From the entries below, print exactly the span beginning with the line holding "Schwalbe Manometro per" and ending with the line holding "صفحه گوناگون روزنامه نسیم شماره 1340", endpoints included, and skip any pictures.

## Records for the task
• • •

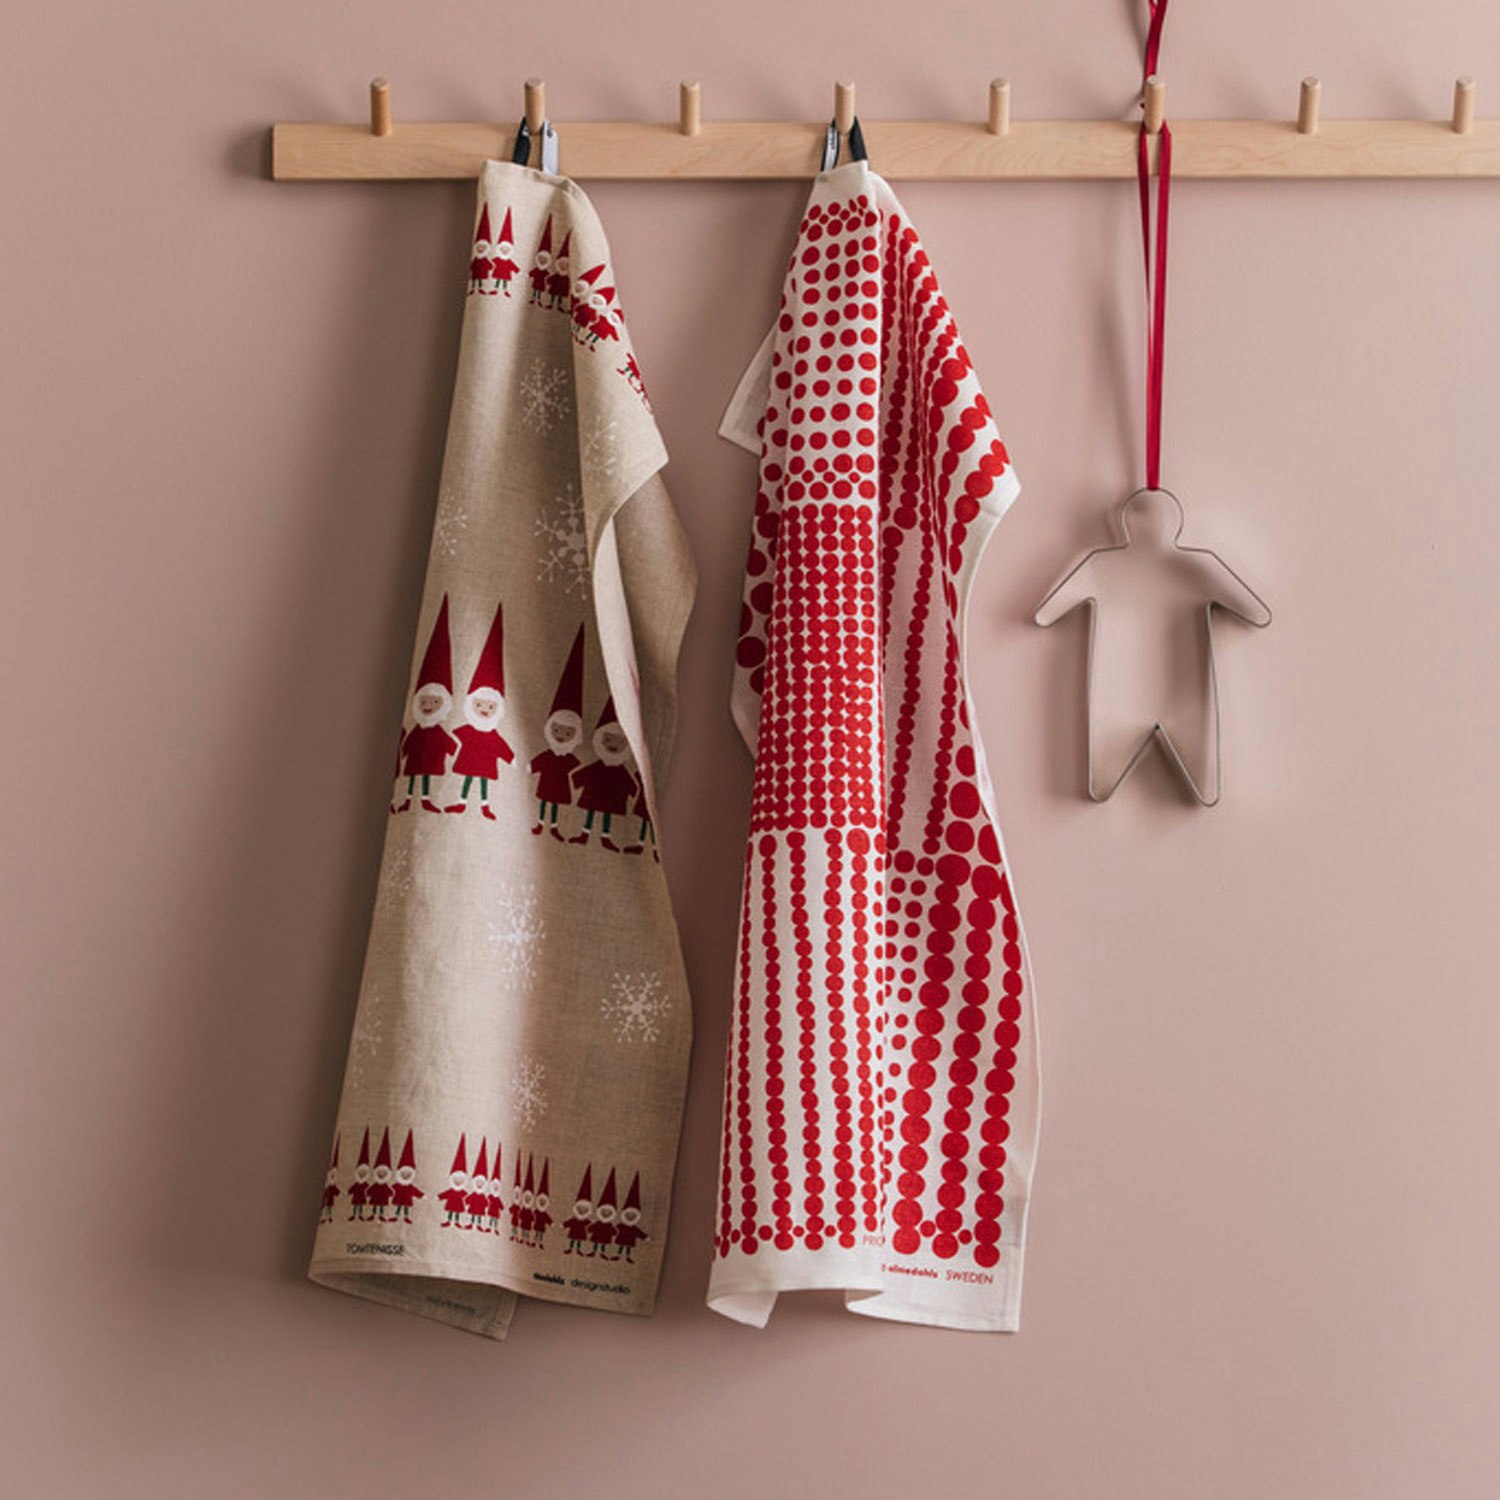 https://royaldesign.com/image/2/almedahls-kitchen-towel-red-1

• • •

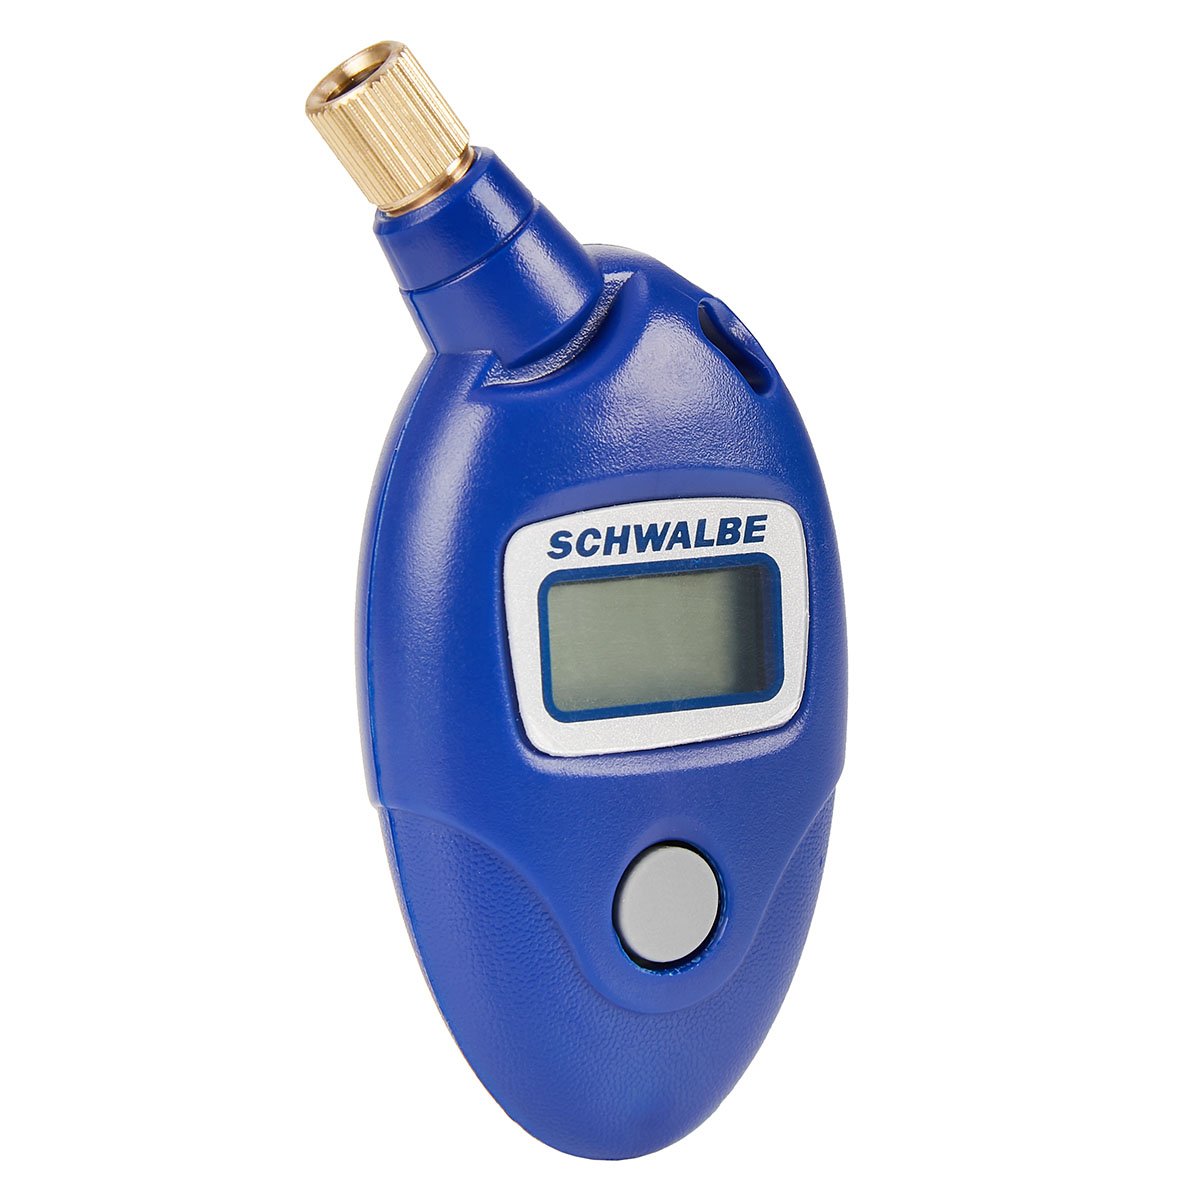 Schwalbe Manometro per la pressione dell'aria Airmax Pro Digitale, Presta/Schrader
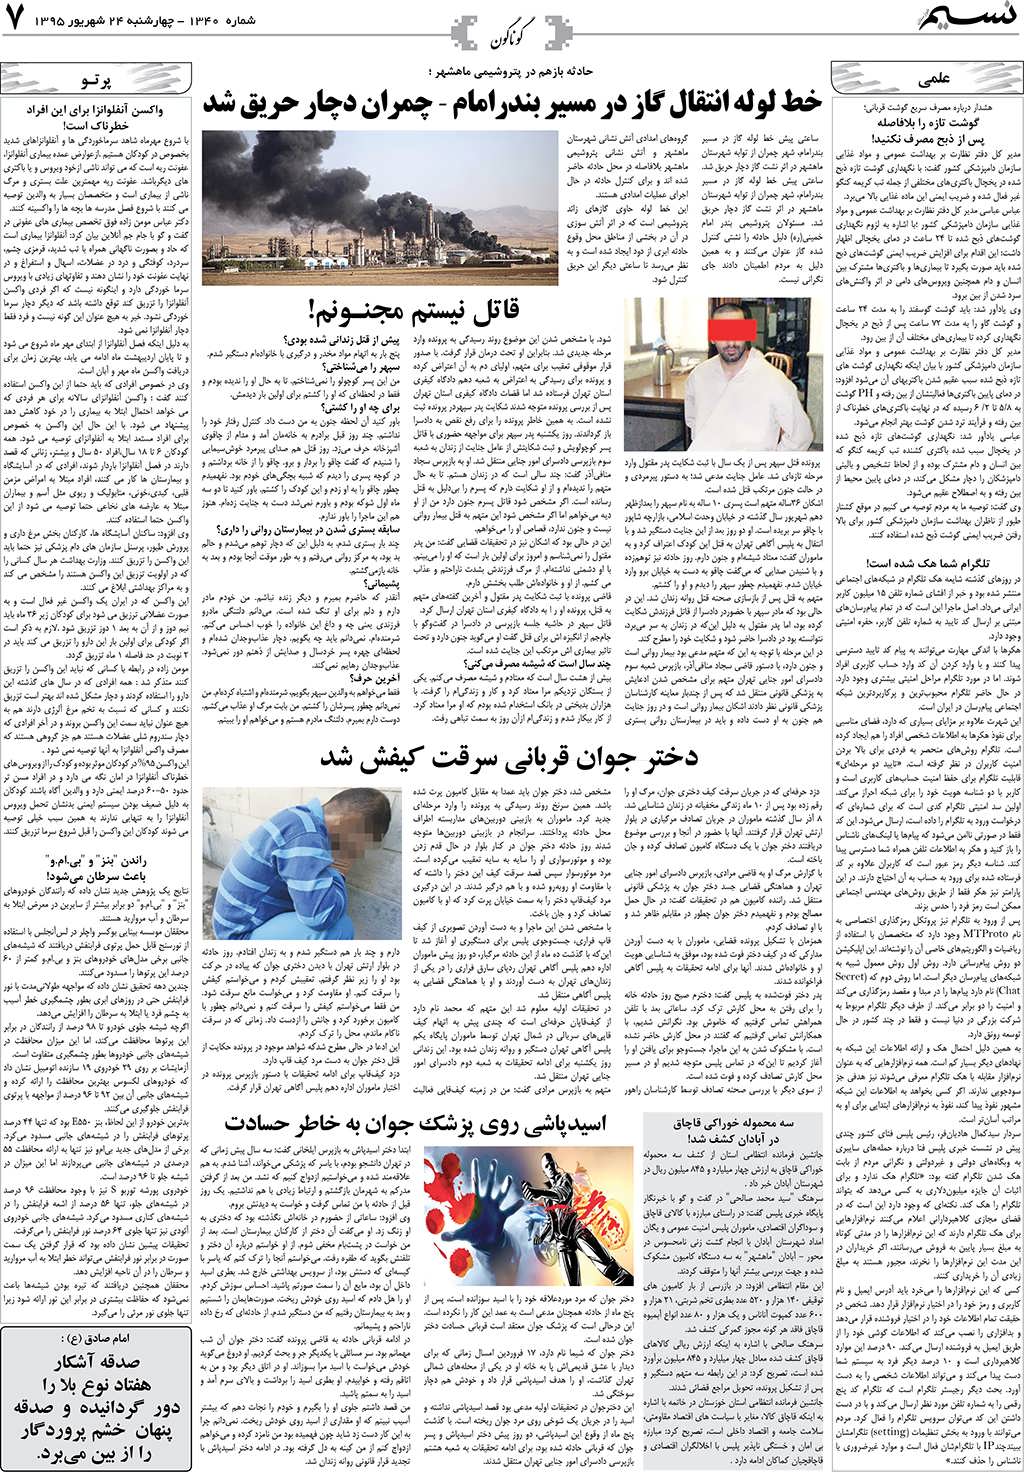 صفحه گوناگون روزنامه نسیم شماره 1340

• • •

## Response to the task
 Schwalbe Manometro per la pressione dell'aria Airmax Pro Digitale, Presta/Schrader
 صفحه گوناگون روزنامه نسیم شماره 1340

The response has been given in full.